文莉君也觉得不是和于哲讨论前妻的时候,她现在有什么身份立场去追问于哲呢?

“找了几本,都是西方的古代油画, 没看见服饰集。油画上的细节不是很清晰,能找到服饰照片或者手稿图册更好。”

听她说着工作,没有提起林暮雨的事儿, 于哲松了一口气:“那我们去柜台问一下,展架上并不会摆放着所有书籍。如果确实没有类似的, 我们还可以找书店代买。”

“还能这样?”文莉君放下了手中的画册。

“是的, 只是花的时间比较长而已。总能找到你最想要的。”于哲笑着回答。

两个人去柜台找店员询问了,确实没有欧洲古代服饰的书籍, 但是店员答应只要给订金, 就帮忙在国外找。找到了会电话告知他们,让他们来选,然后随着书店采购的书一块儿到书店,可以省一笔邮寄费用。

这书本来就是给单位找的, 文莉君给了二十块钱订金, 开了发票回去报账。于哲放下心来,带着她出了书店的门, 前往汽车站。

总府路是蓉城繁华的商业街, 汽车站的人流比很多地方的人都多, 文莉君差点挤不上车, 还是于哲在她身后使劲推了一把,两个人才挤上去。

满载的公交车像老牛一样喘着粗气向前走, 车站树荫后,跟着去而复返的林暮雨。

果然,最了解自己的, 还得是身边人。当于哲说自己是陪文莉君找单位所需资料时,她心里立刻打了个问号 —— 这话,她一个字都不信。

于哲是什么人呢?年轻时的他就是个实打实的书呆子,满心满眼只有学问,当初她稍微主动些,没费多少劲就把人追到手。

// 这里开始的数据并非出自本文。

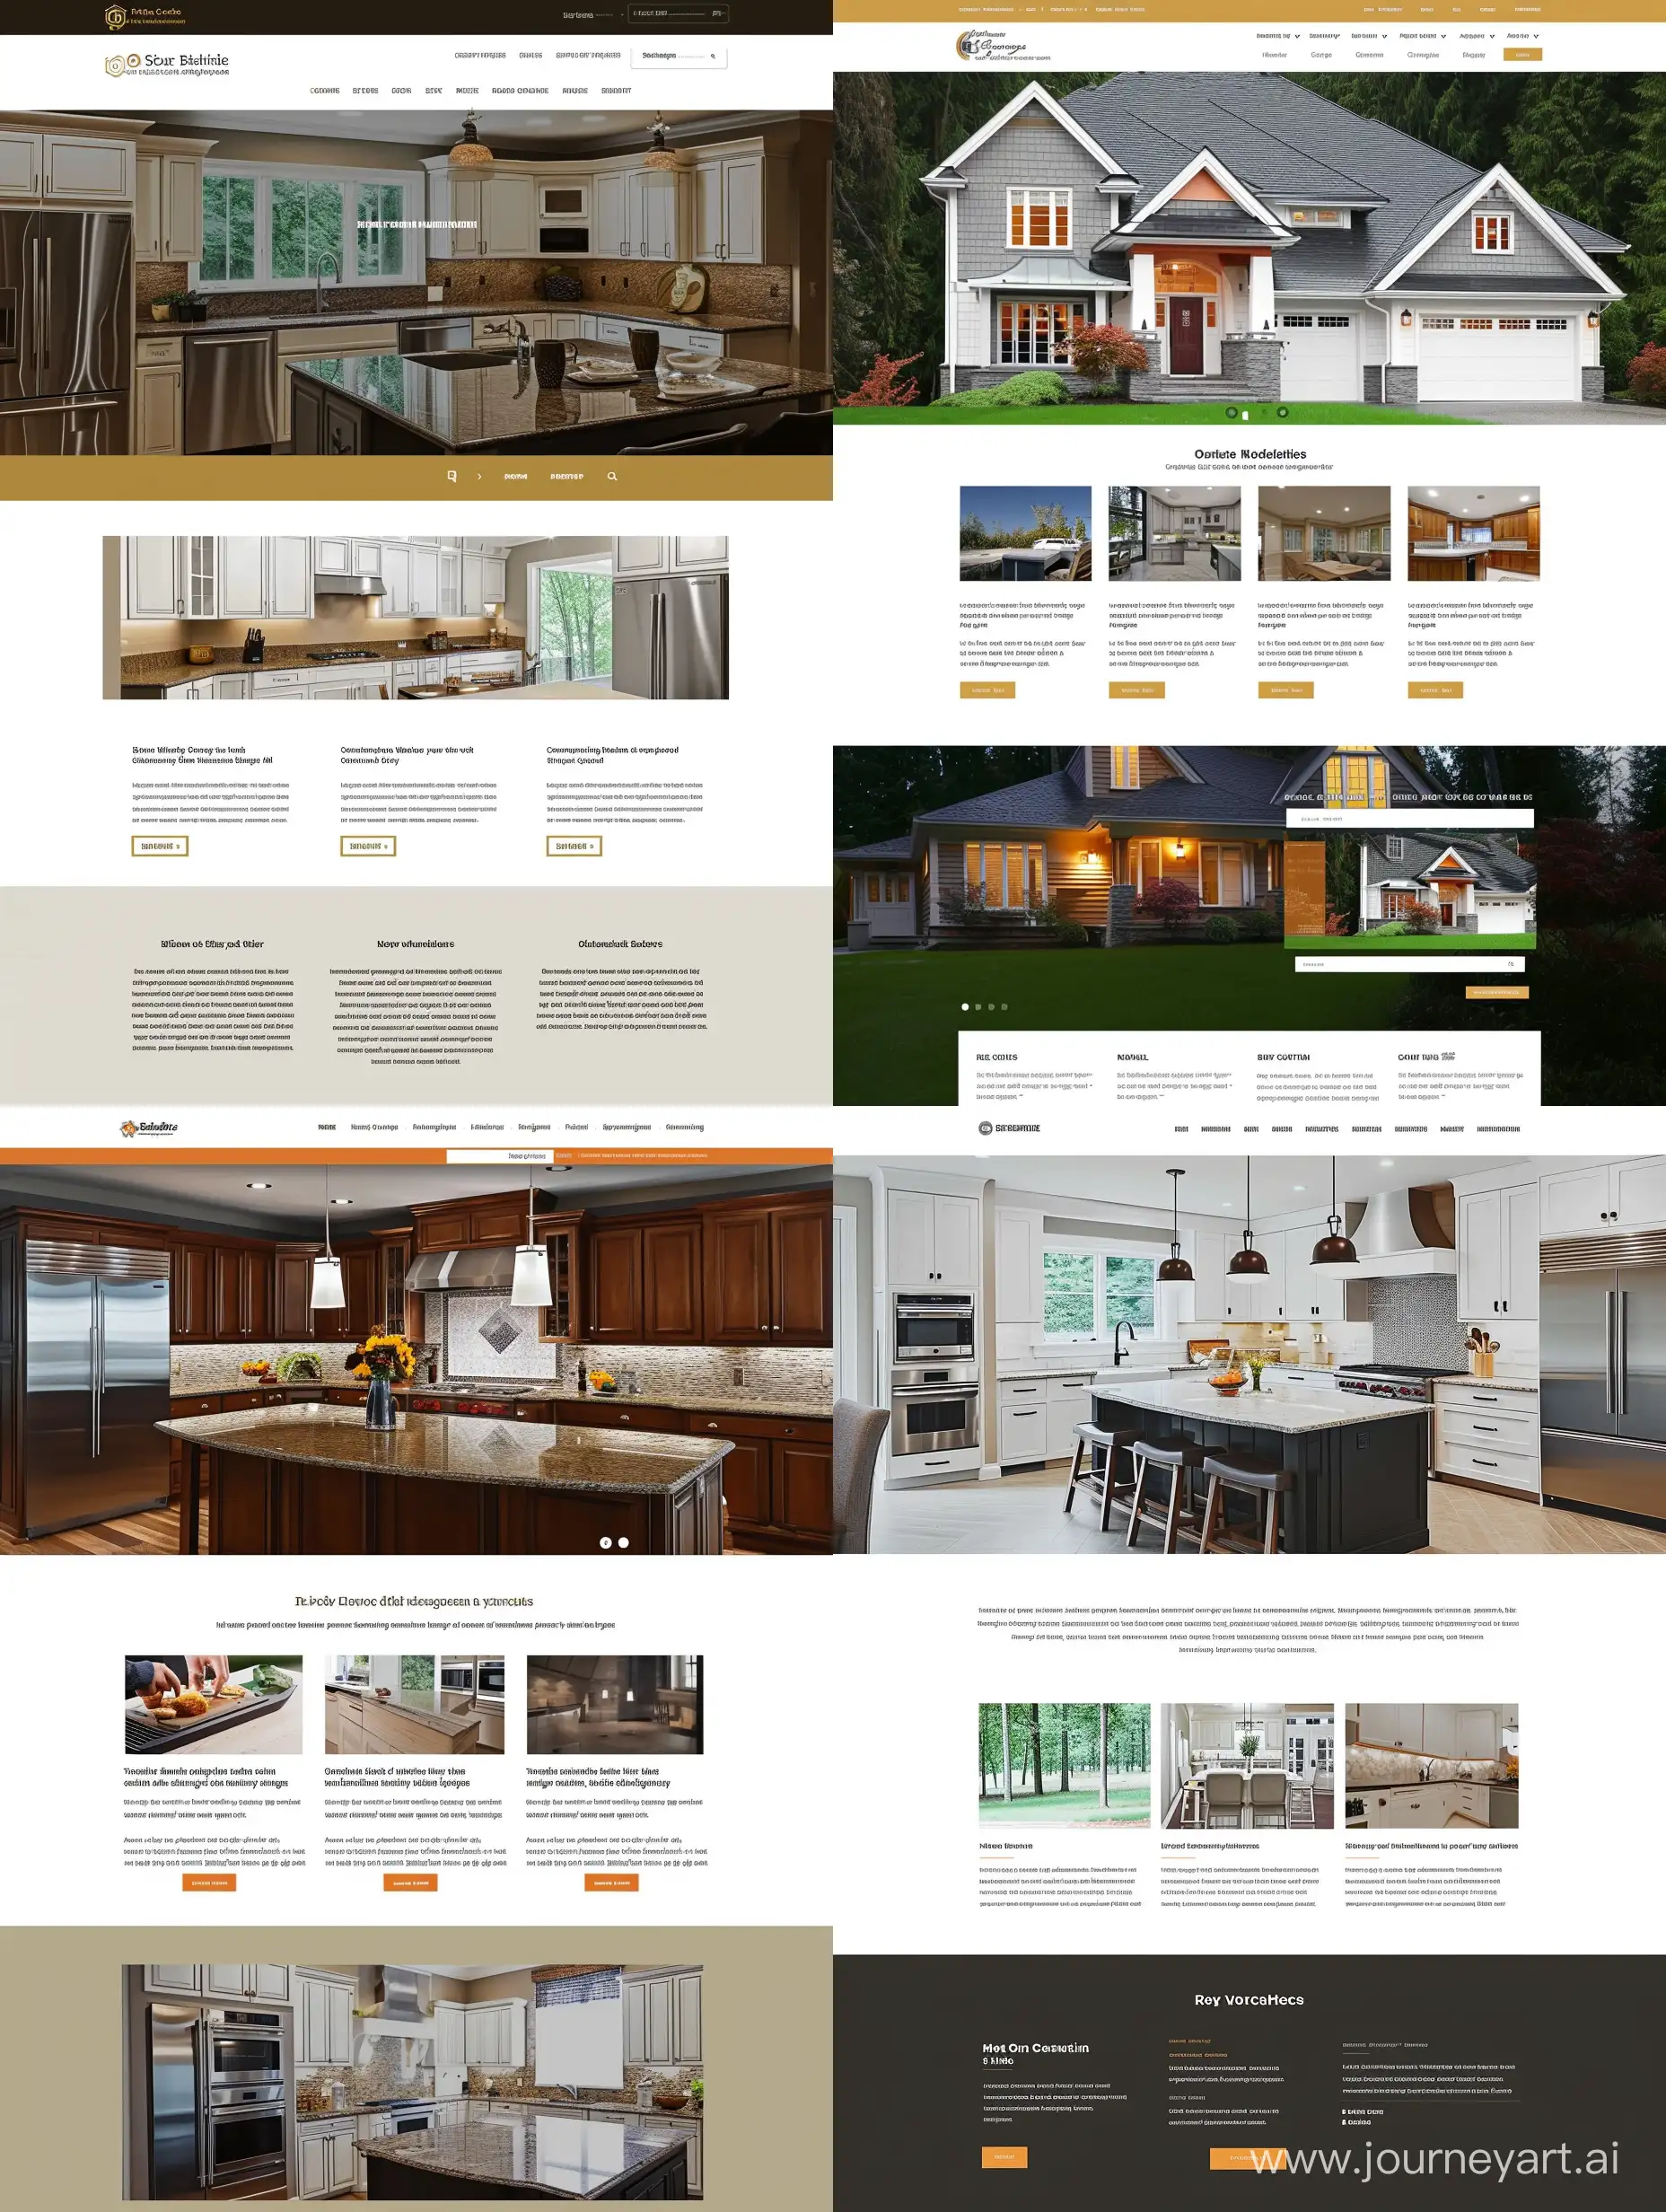 Refacing and remodel contractor's website homepage design
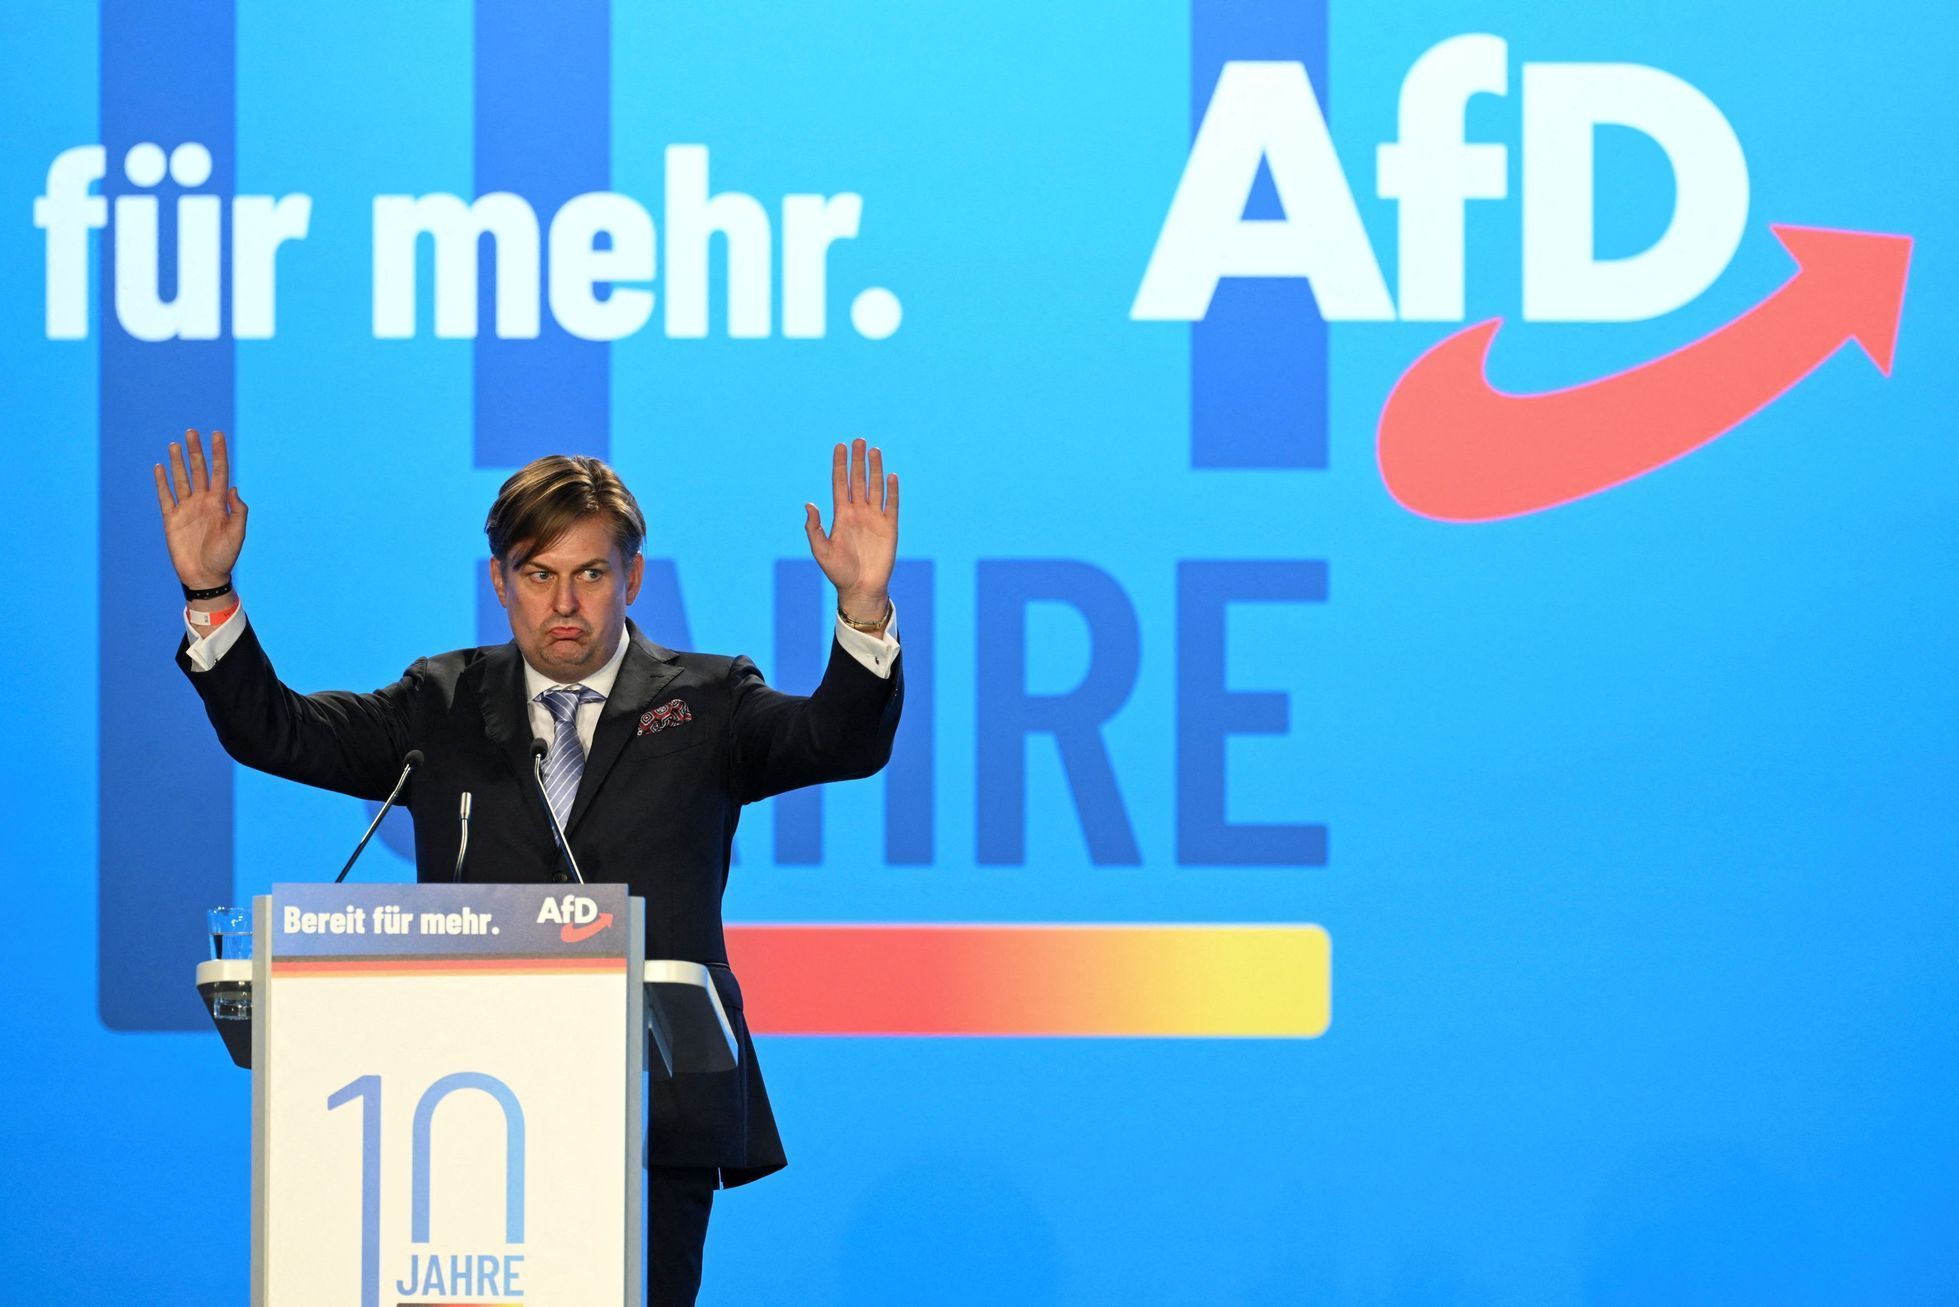 AfD alternativa pro německo evropské volby maxmilian krah

十年婚姻里,于哲更是把 “避嫌” 刻进了骨子里:从不会和任何女性有深入接触,哪怕是同学院的女教授,一块儿上课都刻意保持距离;后来她想下海经商拉他一起,他也死活不肯,说到底,就是不擅长跟人打交道,更说不出半句违心的场面话。

以前林暮雨觉得他清高正直,甚至带点 “高冷” 的可爱。可现在看着他对文莉君的模样,林暮雨才后知后觉地反应过来 —— 哪里是清高,分明是没遇上真正让他上心的人。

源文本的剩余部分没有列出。